Saturday, May 31, 2008

Michael Arrington Asks Twitter a Few Tough Questions

Michael Arrington of TechCrunch asks Twitter a few questions. I have only included a sample list below but you should read his blog post for all the questions:
  • Is it true that you only have a single master MySQL server running replication to two slaves, and the architecture doesn’t auto-switch to a hot backup when the master goes down?
  • Do you really have a grand total of three physical database machines that are POWERING ALL OF TWITTER?
  • Is it true that the only way you can keep Twitter alive is to have somebody sit there and watch it constantly, and then manually switch databases over and re-build when one of the slaves fail?

A 'yes' answer to any of these questions by Twitter would be disturbing to say the least. However, it won't be surprising as companies expect databases to just somehow magically work without creating and supporting a proper architecture. High availability doesn't comes cheap and reputation for companies is everything.

I find it amusing that Twitter isn't even looking for a DBA. May be that's considered a job for the SA over there :)

5 comments:

Mark Callaghan said...

How do you do auto-failover from one master to one of N slaves without possibly losing the other slaves or skipping transactions or losing transactions?
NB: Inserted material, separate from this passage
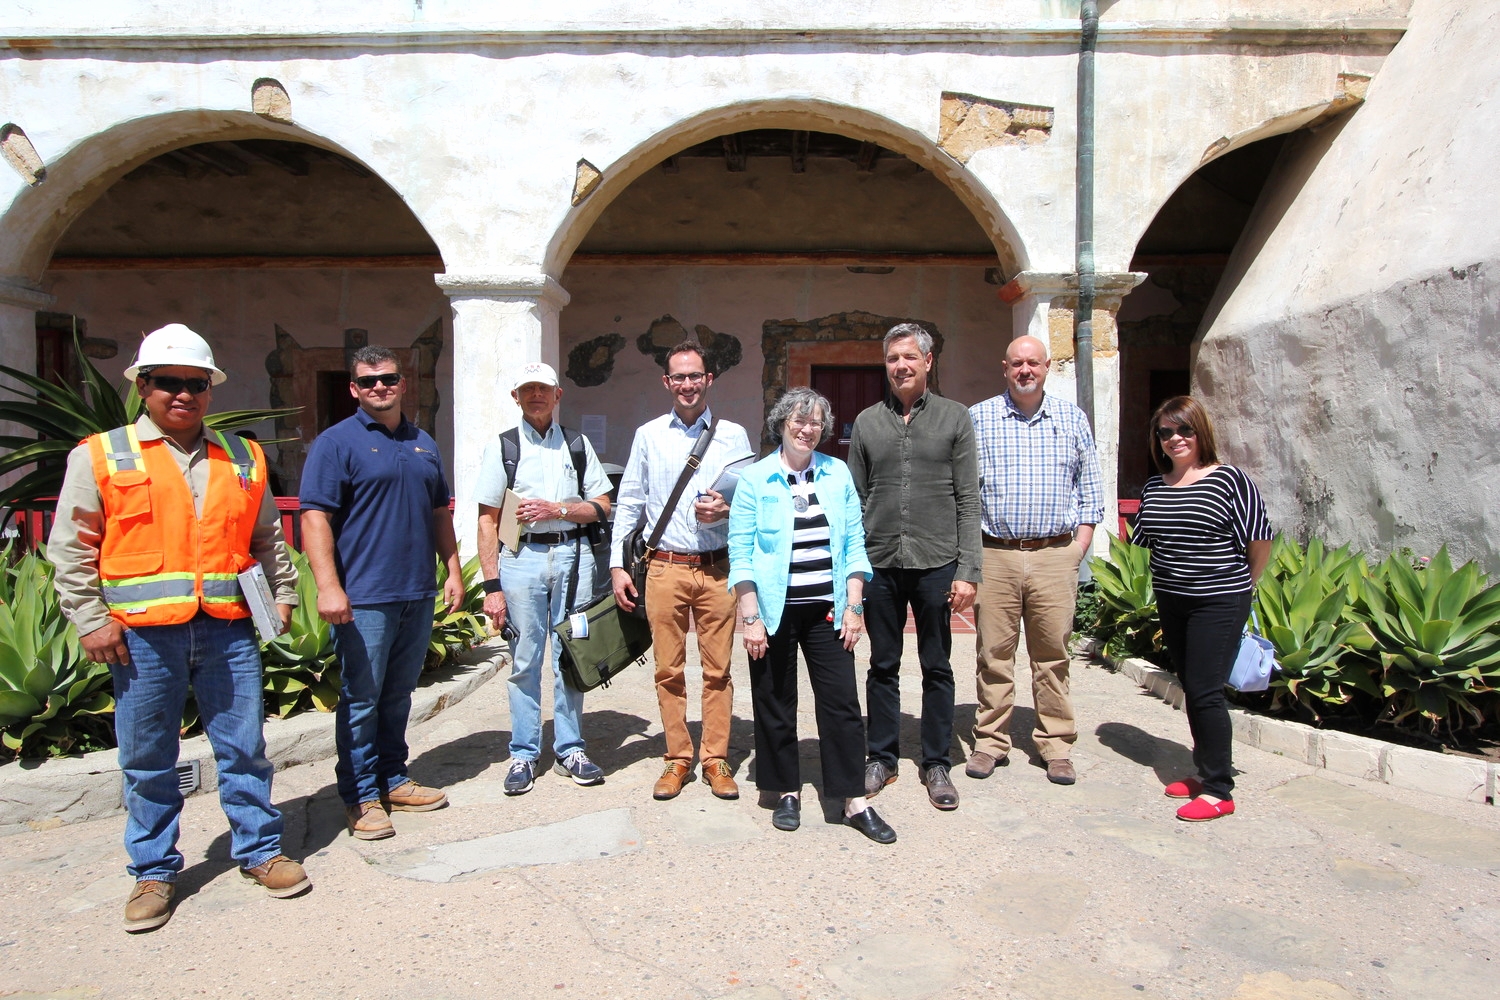  Project team members in front of the  convento  wing south elevation. &nbsp;From left: &nbsp;Napoleon Gallardo (Spectra), Troy Parry (Spectra), Nels Roselund (Roselund Engineering), Shane Swerdlow (Chattel), Tina Foss (Old Mission Santa Barbara), Jo

It can be very difficult to determine the correct offset for the slave on the new master.

Frank said...

I agree with your point. How about automatic failover from one master to another in multi-master setup? Sure, it's very difficult, but is it impossible?

Mark Callaghan said...

Will that scale beyond the 2 nodes? Or, if you attach slaves to each of the master nodes, can you tolerate loss of half of the slaves when a master fails? If not, then the problem hasn't gone away.

Jay said...

I agree with Mark. From what I understand, Twitter's problems seem to stem from write-related issues. I think a partitioned (sharded) solution is their only hope Obi-wan.

At least in a sharded solution, if they didn't have failover within the shard, only that shard's users would be affected.

-jay

Frank said...

Jay and Mike, I agree with you both.

I guess the point I am trying to make is to minimize the impact.

Depending on an un-partitioned master will bring down 100% of site down.